Public Office (Accountability) Bill: Exclusion Debate
Full Debate: Read Full DebateLord Young of Acton
Main Page: Lord Young of Acton (Conservative - Life peer)Department Debates - View all Lord Young of Acton's debates with the Ministry of Justice
(1 day, 14 hours ago)
Lords Chamber
Lord Young of Acton (Con)
My Lords, I declare my interest as the director of the Free Speech Union, which may well end up defending people as a result of the Public Office (Accountability) Bill, given that it creates a new speech offence. As we have heard, the offence is that of misleading the public. A public authority or public official commits an offence if, first, in their capacity as such an authority or official, they act with the intention of misleading the public or are reckless as to whether their act will do so; and, secondly, they know, or ought to know, that their act is seriously improper.
The problem is not that MPs and Peers are immune to being prosecuted for this offence but that the carve-out is not large enough. According to my reading of the Bill, MPs or Peers acting as public officials—that is, Ministers of the Crown—would be liable. This is a gold-embossed invitation to the Jolyon Maughams of this world. It will unleash a wave of politically motivated lawfare. Is that really what we want?
As the noble Lord, Lord Knight, just pointed out, the new offence of misleading the public is intended to replace the offence of misconduct in public office. Let us not forget that attempts have been made by political activists to bring private prosecutions against their opponents for committing that offence. For instance, in 2019, an outfit called the Brexit Justice Group brought a private prosecution against Boris Johnson for misconduct in public office because, according to the BJG, he had knowingly misled the electorate in the EU referendum campaign by claiming that leaving would bring a bounty of £350 million a week. It was an obviously vexatious case, but a magistrate issued three summonses against the then Prime Minister before the case was eventually thrown out in the High Court.
Should this Bill become law, we can look forward to a slew of similar cases. Rachel Reeves, for instance, might find herself in the dock for claiming that she would not raise taxes on working people, while Ed Miliband could have his collar felt for promising that household energy bills would fall by £300.
If the Bill is amended along the lines that the noble Baroness, Lady Jones, wants, would not her party’s candidate in the Gorton and Denton by-election find herself in difficulty—assuming that she becomes an MP? During her now infamous campaign video in Urdu, released a few days ago, she said that Reform UK wants to put higher taxes on people who were born abroad. That is misleading, to put it at its most charitable. The noble Baroness, Lady Jones, said there are safeguards in the Bill to prevent private prosecutions, but what is to stop members of the public bringing judicial reviews against the police for not prosecuting politicians for misleading the public?
The Free Speech Union recently defended an SNP activist and editor of a blog, “Wings Over Scotland”, who had supposedly said something transphobic on social media. A trans activist, Lynsay Watson, tried to sue Greater Manchester Police for not prosecuting him. I am happy to say that he failed, but that is not to say that others will not attempt to sue the police for not arresting lying politicians.
I do not want to see Hannah Spencer behind bars for misleading the public any more than I do the Chancellor of the Exchequer or the Secretary of State for Energy Security and Net Zero. Candidates campaign in poetry and govern in prose. If they fail to keep their promises or traffic in obvious mistruths, there is already an adequate mechanism for punishing them—the ballot box. Rather than extend the scope of the Bill to include MPs and Peers, let us limit it to make sure that Members of both Houses, in whatever capacity, are properly excluded.
I would go further and urge the Government to amend the Bill to exclude civil servants too—and not just those working in the intelligence services. As a recent piece in the Economist pointed out, making Whitehall officials liable for prosecution for misleading the public could have disastrous unintended consequences. It would mean fewer civil servants willing to take responsibility for decisions or giving ministerial advice, and more decision-making by committee to dilute liability.
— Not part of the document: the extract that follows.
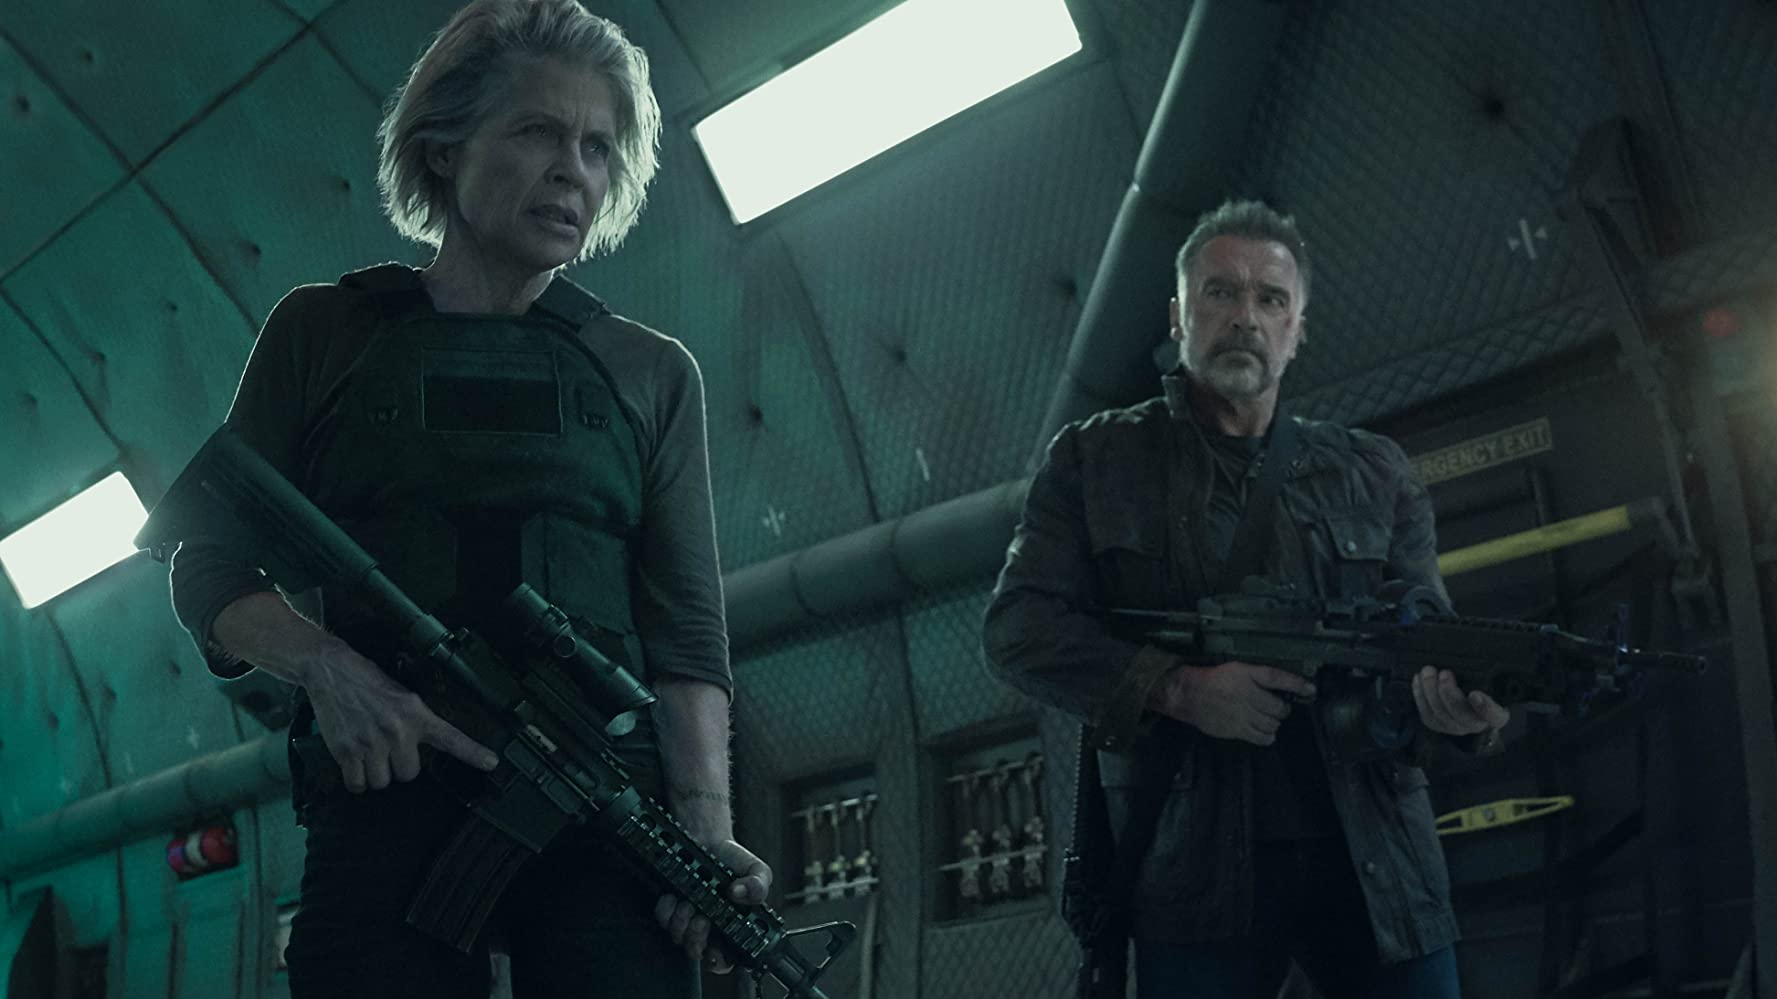 Linda Hamilton and Arnold Schwarzenegger in Terminator: Dark Fate (2019)

Rather than providing Ministers with timely, sensible advice, they will mitigate the risk of a prosecution down the line by obfuscation and delay. To quote from the Economist:
“Ministers complain that the civil service is bogged in a ‘sludge’ of slow decision-making. But officials will have an incentive to take more detailed minutes, keep more records and give risk-assessments even lengthier consideration to insure against future court challenges”.
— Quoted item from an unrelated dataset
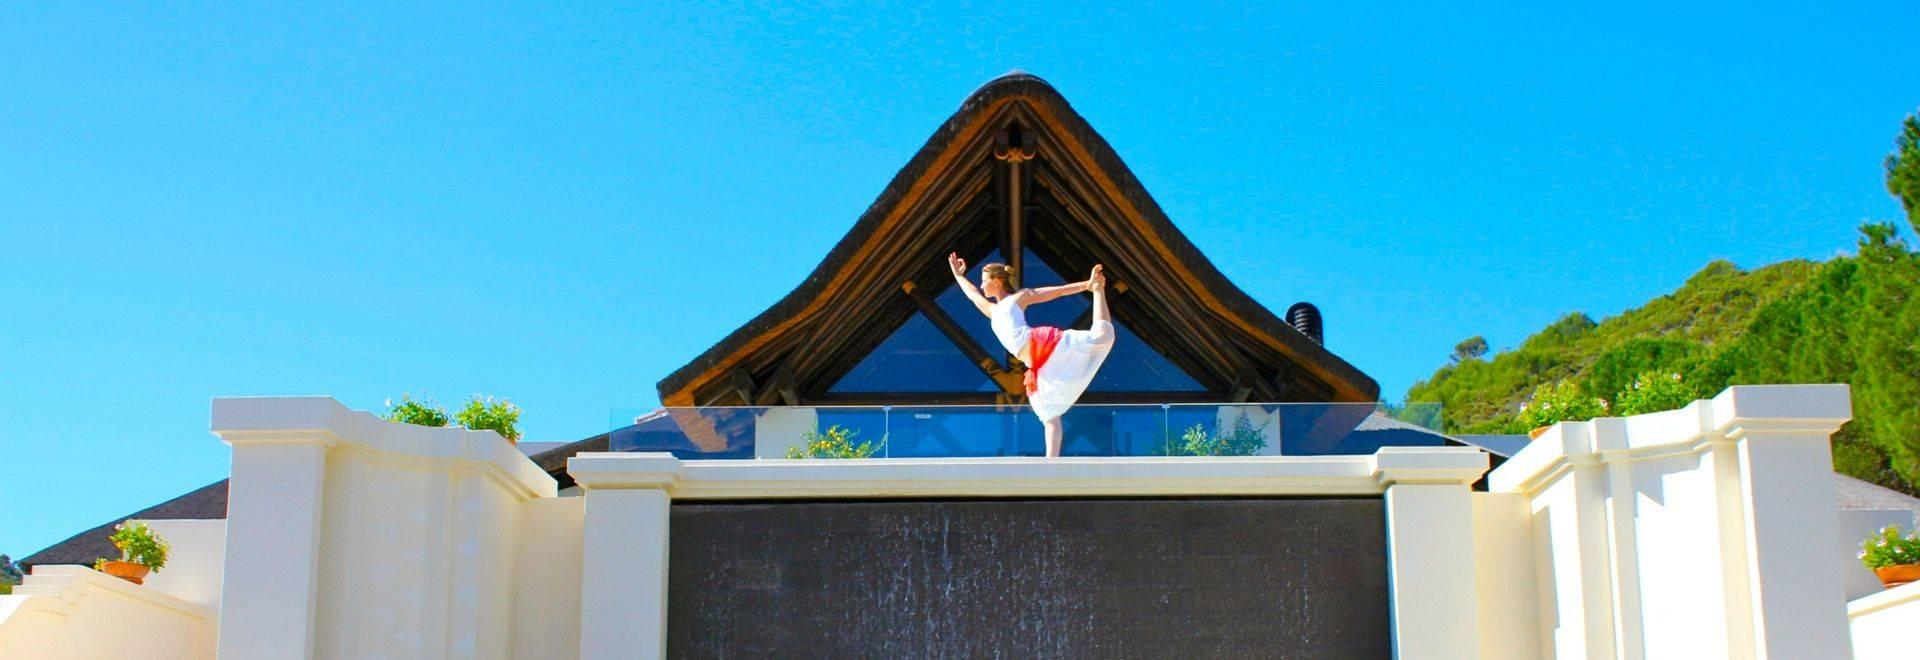 Shanti-Som-yoga-hotel-entrance.JPG

I am reminded of the effect of the Freedom of Information Act 2000. Rather than leading to greater transparency on official decision-making, it resulted in MPs, Peers and Whitehall officials abandoning email in favour of WhatsApp, with disappearing messages switched on—less transparency rather than more.
The intentions behind the Bill are undoubtedly good. The families of those who died in the Hillsborough tragedy deserve to hear the truth from public officials, particularly those testifying to various inquiries, but it is hard to legislate for candour. To pretend that the Bill will
“once and for all end the culture of cover-ups and hiding the truth”,
as the Labour manifesto promised, is, I am afraid, just another example of misleading the public.
I thank the noble Lord for raising the profile of our candidate in the Gorton and Denton by-election. That is very kind of him.